4.4. O BSTÁCULOS À INTERDISCIPLINARIDADE

Apesar do consenso sobre a utilidade da interdisciplinaridade na educação aumentar a cada dia, a ponto de subsidiar mudanças na legislação educacional e gerar debates entusiasmados, nota-se que as práticas interdisciplinares na escola ainda são muito raras. Algumas vezes, quando acontecem, apesar da boa vontade dos envolvidos, não produzem resultados muito expressivos (MACHADO, 1995, p. 181). Para Japiassú (1976), o pouco sucesso se dá devido a muitas “forças” que “não somente resistem, por inércia, como se opõem ativamente à realização de um projeto interdisciplinar de pesquisa ou de ensino” (p. 91).

Na reflexão sobre essas “forças” que dificultam a efetivação da interdisciplinaridade na escola, utilizaremos as cinco categorias de obstáculos usadas por Fazenda (1979).

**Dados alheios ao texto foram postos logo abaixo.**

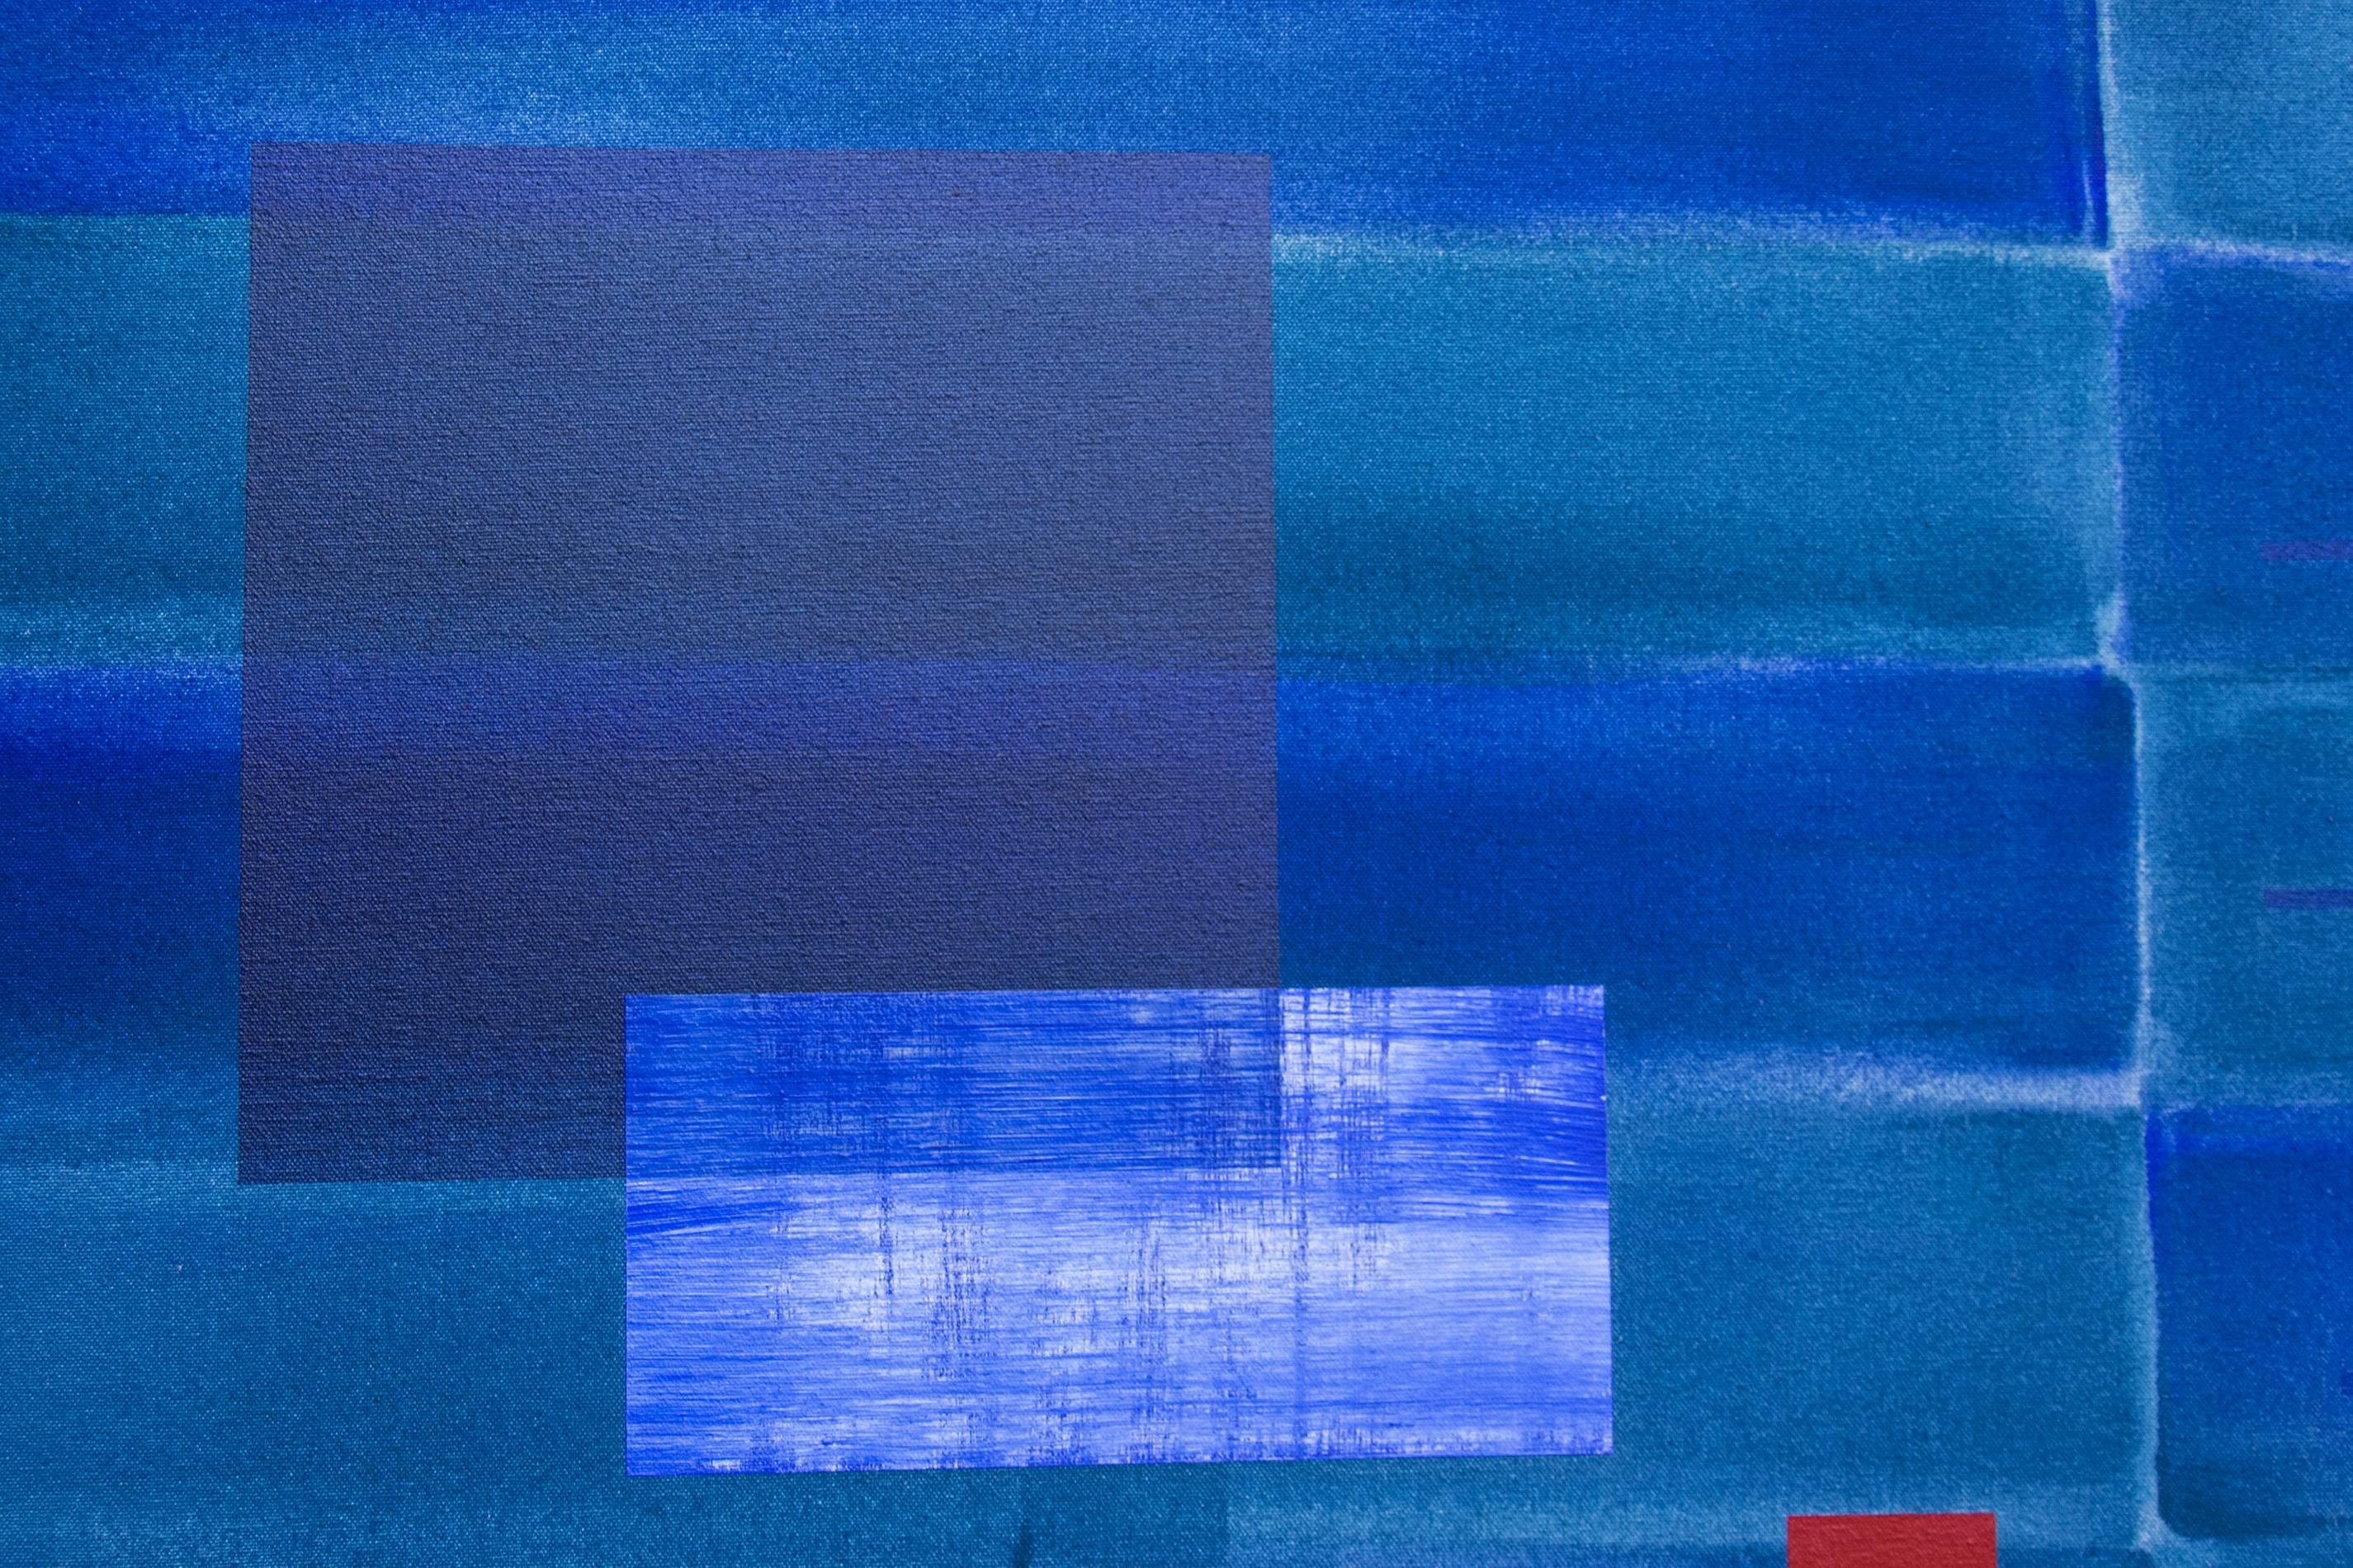 Curated orthogonal shapes of blue, yellow and red next to a drawn grid float on a ground of washed blue bars. This acrylic painting on canvas is exemplary of Ristvedt’s sustained interest in cerebral and minimalist explorations of color and gestural

4.4.1. Epistemológicos e institucionais

A história da produção do conhecimento científico, principalmente depois do surgimento da filosofia positivista, tem sido marcada pela competição e isolamento dos cientistas e das instituições de ensino e de pesquisa. Cada nova disciplina, em busca de afirmação, isola-se das outras, criando uma “linguagem secreta” para impedir que especialistas de outras áreas possam se “intrometer” ou atravessar suas fronteiras (SANTOMÈ, 1998, p. 78). Resistência essa também apontada por Morin ao se referir à necessidade de uma reforma de pensamento na educação:

Há resistências inacreditáveis a essa reforma, a um tempo, una e dupla. A imensa máquina da educação é rígida, inflexível, fechada, burocratizada. Muitos professores estão instalados em seus hábitos e autonomias disciplinares. Estes, como dizia Curien, são como os lobos que urinam para marcar seu território e mordem os que nele penetram. (MORIN, 2009, p. 99).

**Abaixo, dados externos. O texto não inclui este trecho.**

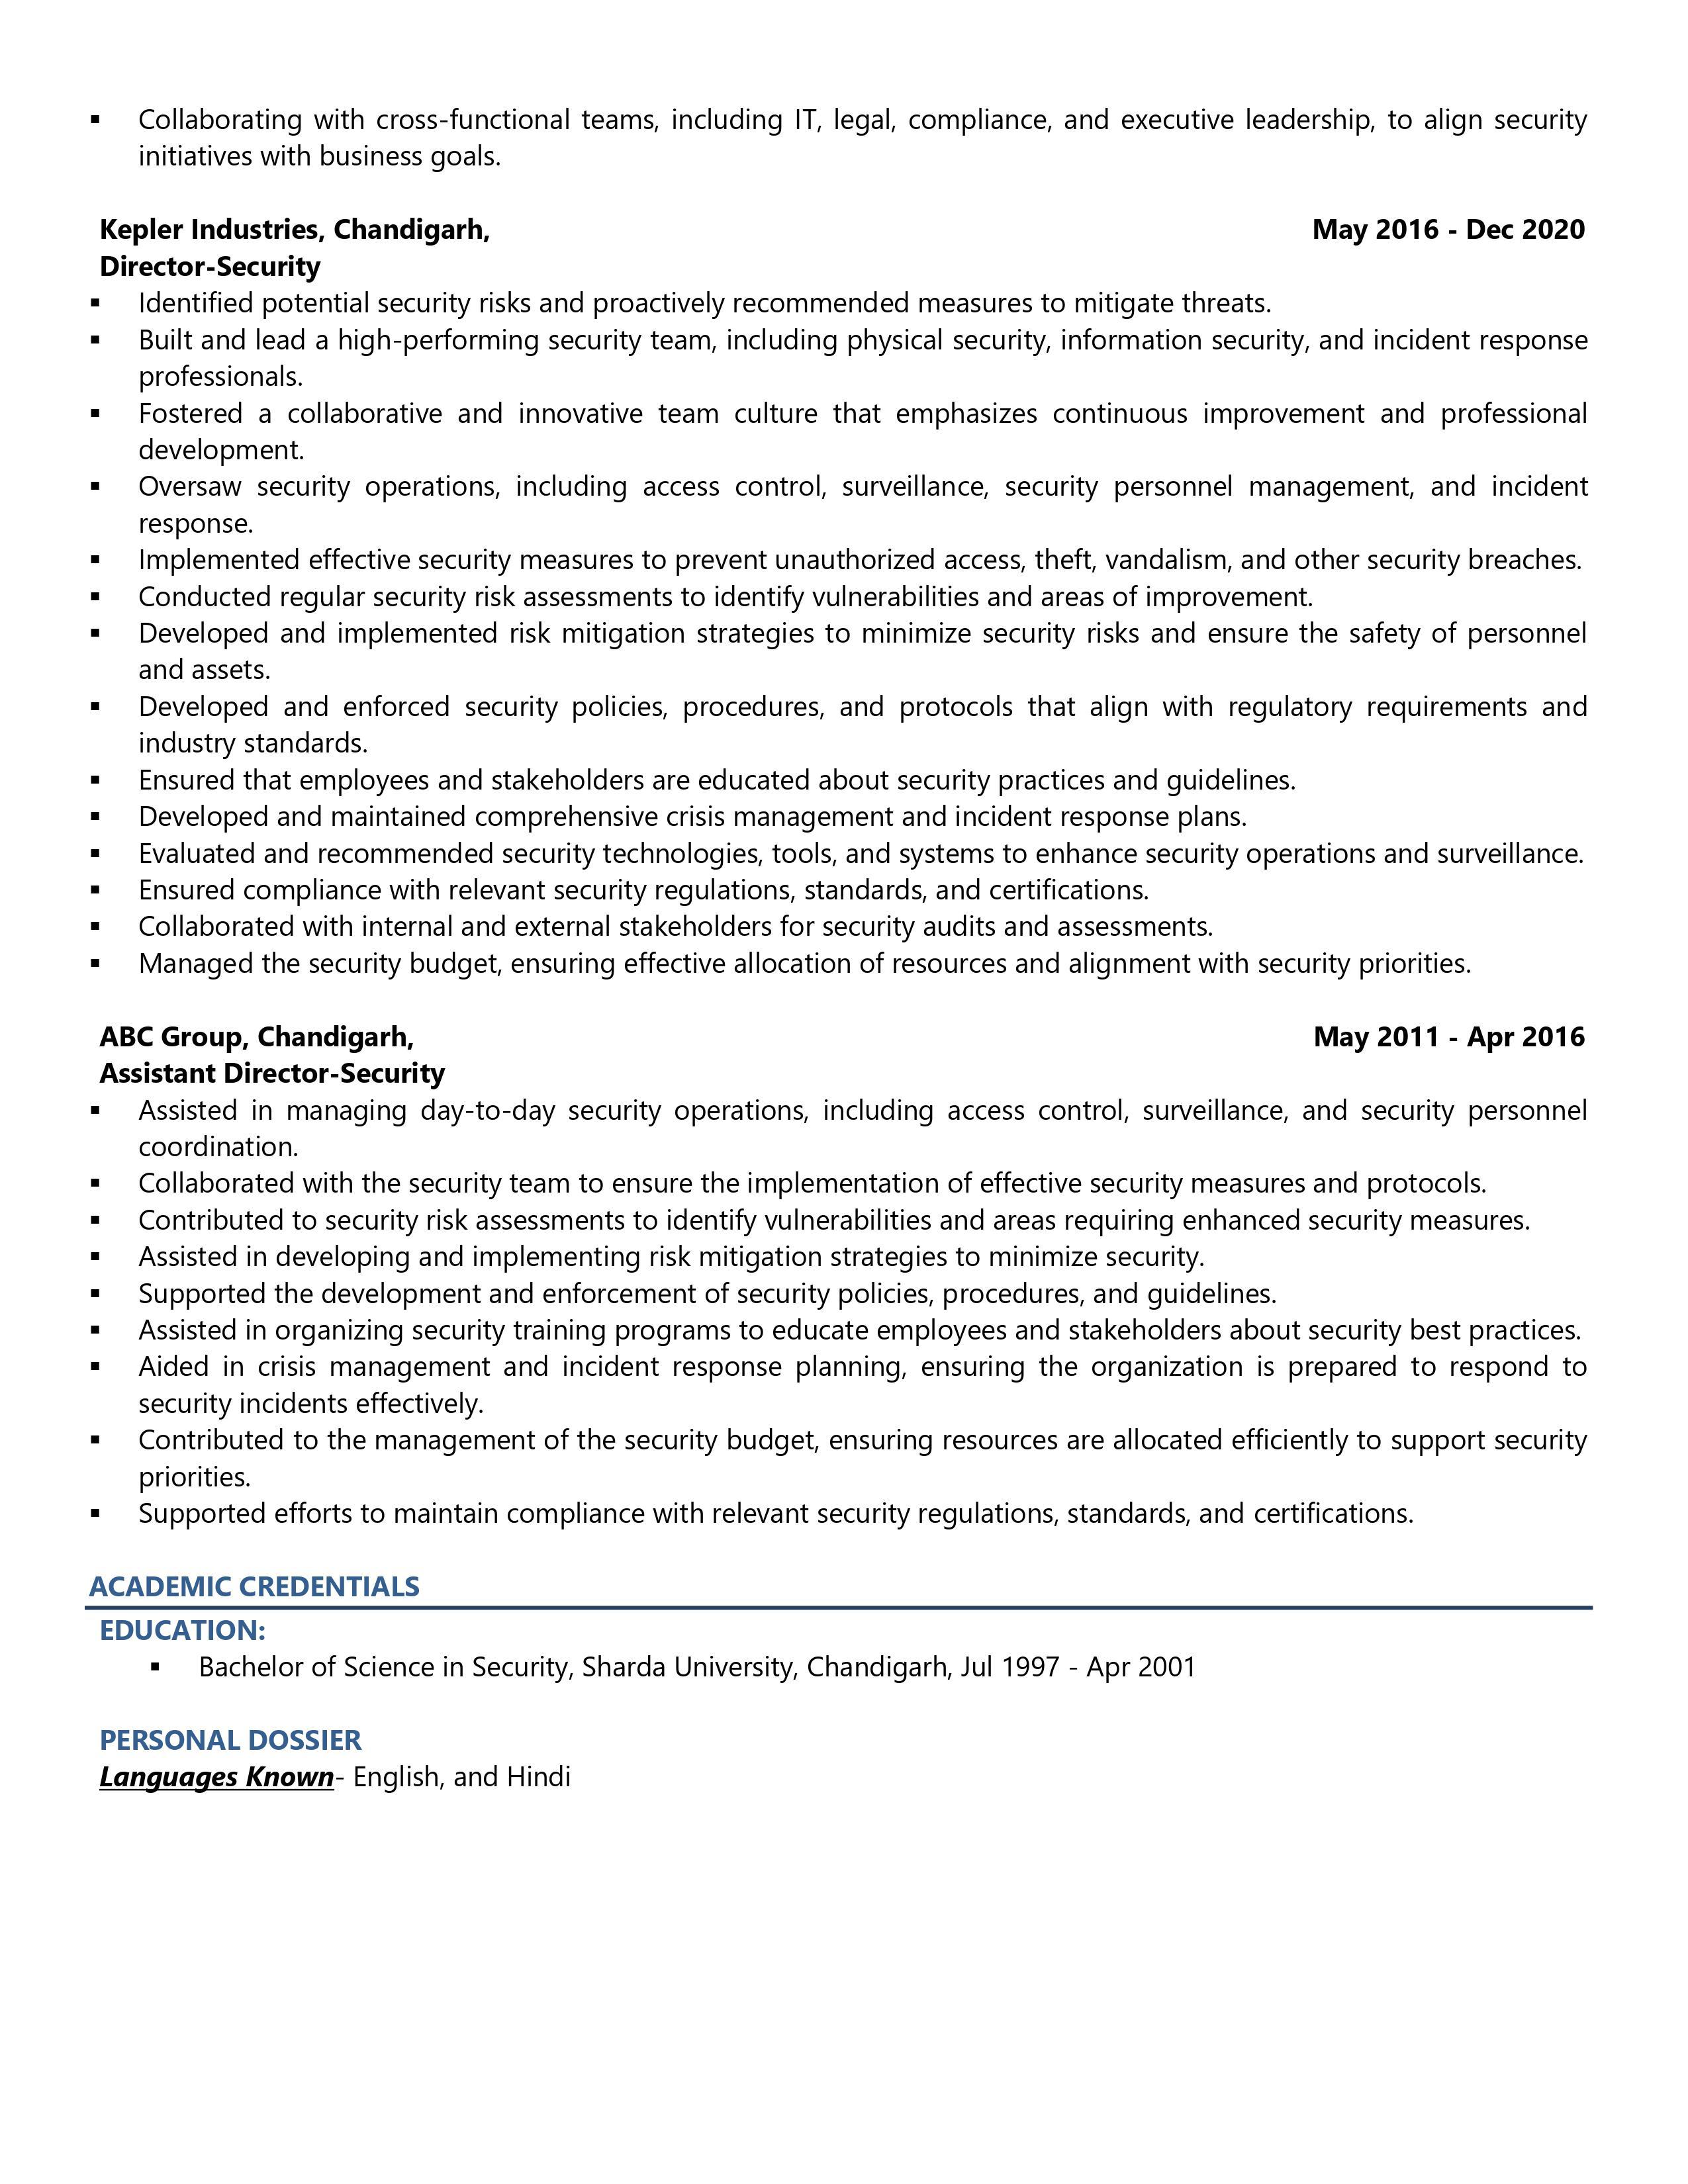 Chief Security Officer - Resume Example & Template

Essa mentalidade fragmentadora da ciência, que estabelece um “sistema de feudos” no conhecimento, observa-se também na escola e torna difícil a formação de equipes de trabalho, pois os professores são vistos não como professores daquela escola, mas como “professores de Matemática”, “professores de Português”, “professores de Ciências”, etc. Assim, a própria instituição escolar obstrui o fluxo do diálogo tão necessário às práticas interdisciplinares.

Para Fazenda (1979), a superação das barreiras entre as disciplinas torna-se possível a partir do momento em que as “instituições abandonem seus hábitos cristalizados e partam em busca de novos objetivos e, no momento em que as ciências compreendam a limitação de seus aportes” (p. 57).

4.4.2. Psicossociológicos e culturais

Mais difícil do que a mudança das estruturas institucionais é a transformação das estruturas mentais, dos conceitos e valores arraigados nas pessoas. Sem a eliminação das barreiras entre as pessoas é impossível a eliminação de barreiras entre as disciplinas.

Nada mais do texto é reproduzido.